笔者今天在对k8s,v1.23.6版本的的master节点使用如下命令进行初始化时

[root@k8s-master qq-5201351]# kubeadm init \
> --apiserver-advertise-address 192.18.106.87 \
> --image-repository registry.aliyuncs.com/google_containers \
> --kubernetes-version v1.23.6 \
> --service-cidr=10.96.0.0/12 \
> --pod-network-cidr=10.224.0.0/16

遇到如下报错:

[wait-control-plane] Waiting for the kubelet to boot up the control plane as static Pods from directory "/etc/kubernetes/manifests". This can take up to 4m0s
[kubelet-check] Initial timeout of 40s passed.
[kubelet-check] It seems like the kubelet isn't running or healthy.
[kubelet-check] The HTTP call equal to 'curl -sSL http://localhost:10248/healthz' failed with error: Get "http://localhost:10248/healthz": dial tcp [::1]:10248: connect: connection refused.
[kubelet-check] It seems like the kubelet isn't running or healthy.
[kubelet-check] The HTTP call equal to 'curl -sSL http://localhost:10248/healthz' failed with error: Get "http://localhost:10248/healthz": dial tcp [::1]:10248: connect: connection refused.
[kubelet-check] It seems like the kubelet isn't running or healthy.
[kubelet-check] The HTTP call equal to 'curl -sSL http://localhost:10248/healthz' failed with error: Get "http://localhost:10248/healthz": dial tcp [::1]:10248: connect: connection refused.
[kubelet-check] It seems like the kubelet isn't running or healthy.
[kubelet-check] The HTTP call equal to 'curl -sSL http://localhost:10248/healthz' failed with error: Get "http://localhost:10248/healthz": dial tcp [::1]:10248: connect: connection refused.
[kubelet-check] It seems like the kubelet isn't running or healthy.
[kubelet-check] The HTTP call equal to 'curl -sSL http://localhost:10248/healthz' failed with error: Get "http://localhost:10248/healthz": dial tcp [::1]:10248: connect: connection refused.

        Unfortunately, an error has occurred:
                timed out waiting for the condition

        This error is likely caused by:
                - The kubelet is not running
                - The kubelet is unhealthy due to a misconfiguration of the node in some way (required cgroups disabled)
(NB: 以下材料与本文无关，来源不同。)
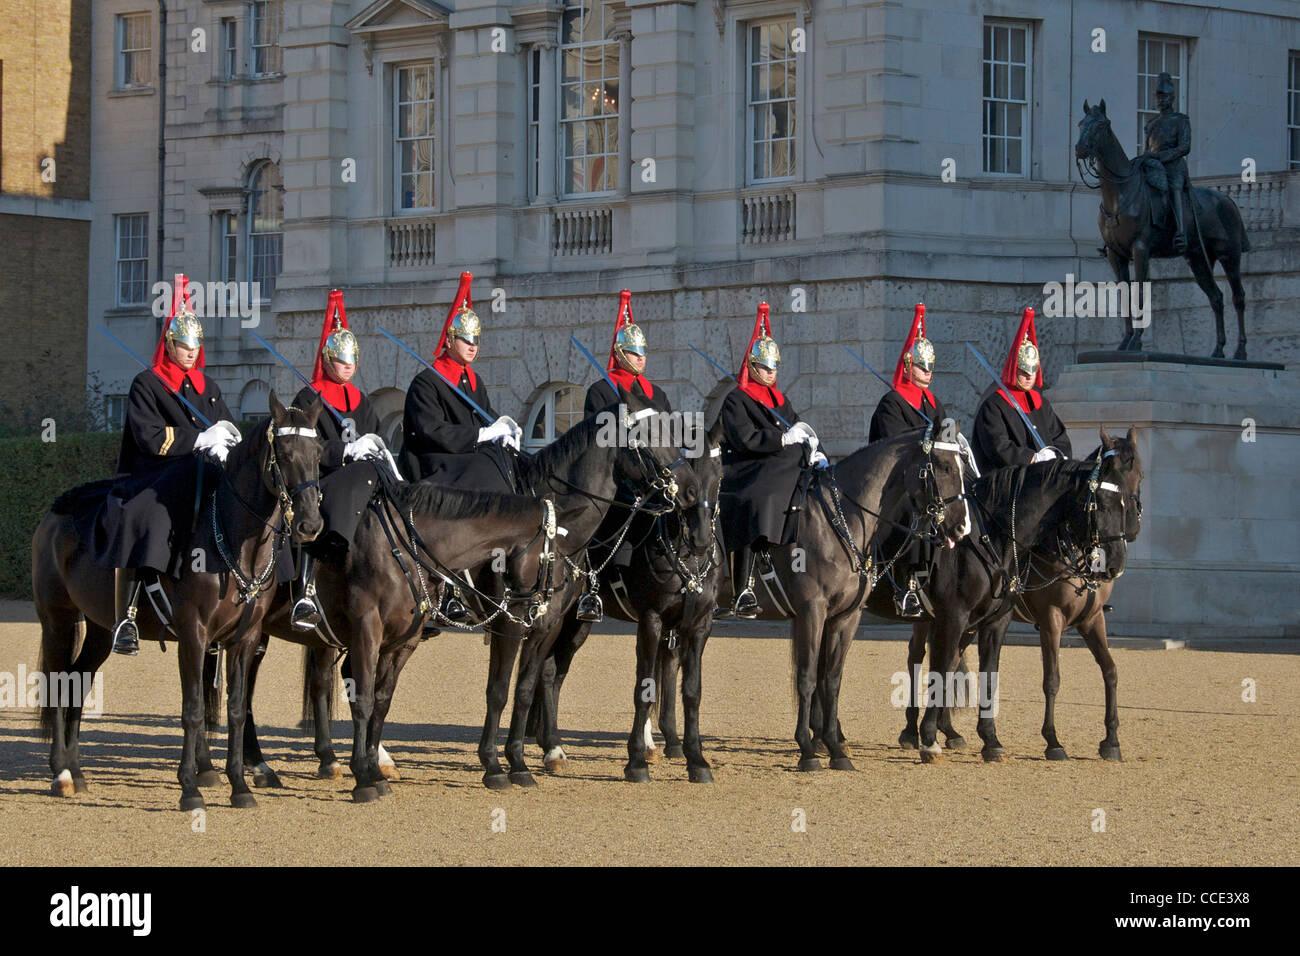 Seven guardsmen on horseback Horse Guards Parade London England - Stock Image

        If you are on a systemd-powered system, you can try to troubleshoot the error with the following commands:
                - 'systemctl status kubelet'
                - 'journalctl -xeu kubelet'

        Additionally, a control plane component may have crashed or exited when started by the container runtime.
        To troubleshoot, list all containers using your preferred container runtimes CLI.

        Here is one example how you may list all Kubernetes containers running in docker:
                - 'docker ps -a | grep kube | grep -v pause'
                Once you have found the failing container, you can inspect its logs with:
                - 'docker logs CONTAINERID'

error execution phase wait-control-plane: couldn't initialize a Kubernetes cluster
To see the stack trace of this error execute with --v=5 or higher

其核心报错,也就如下几条,最为主要的就是说,kubelet isn't running or healthy.

[wait-control-plane] Waiting for the kubelet to boot up the control plane as static Pods from directory "/etc/kubernetes/manifes ts". This can take up to 4m0s
[kubelet-check] Initial timeout of 40s passed.
[kubelet-check] It seems like the kubelet isn't running or healthy.
[kubelet-check] The HTTP call equal to 'curl -sSL http://localhost:10248/healthz' failed with error: Get "http://localhost:10248 /healthz": dial tcp [::1]:10248: connect: connection refused.

刚看到这个报错时,还是有一点懵的,但仔细一看,还好下面提出了一些排查方法,和可能的原因 ,其中有一点看起来很是有用

- The kubelet is unhealthy due to a misconfiguration of the node in some way (required cgroups disabled)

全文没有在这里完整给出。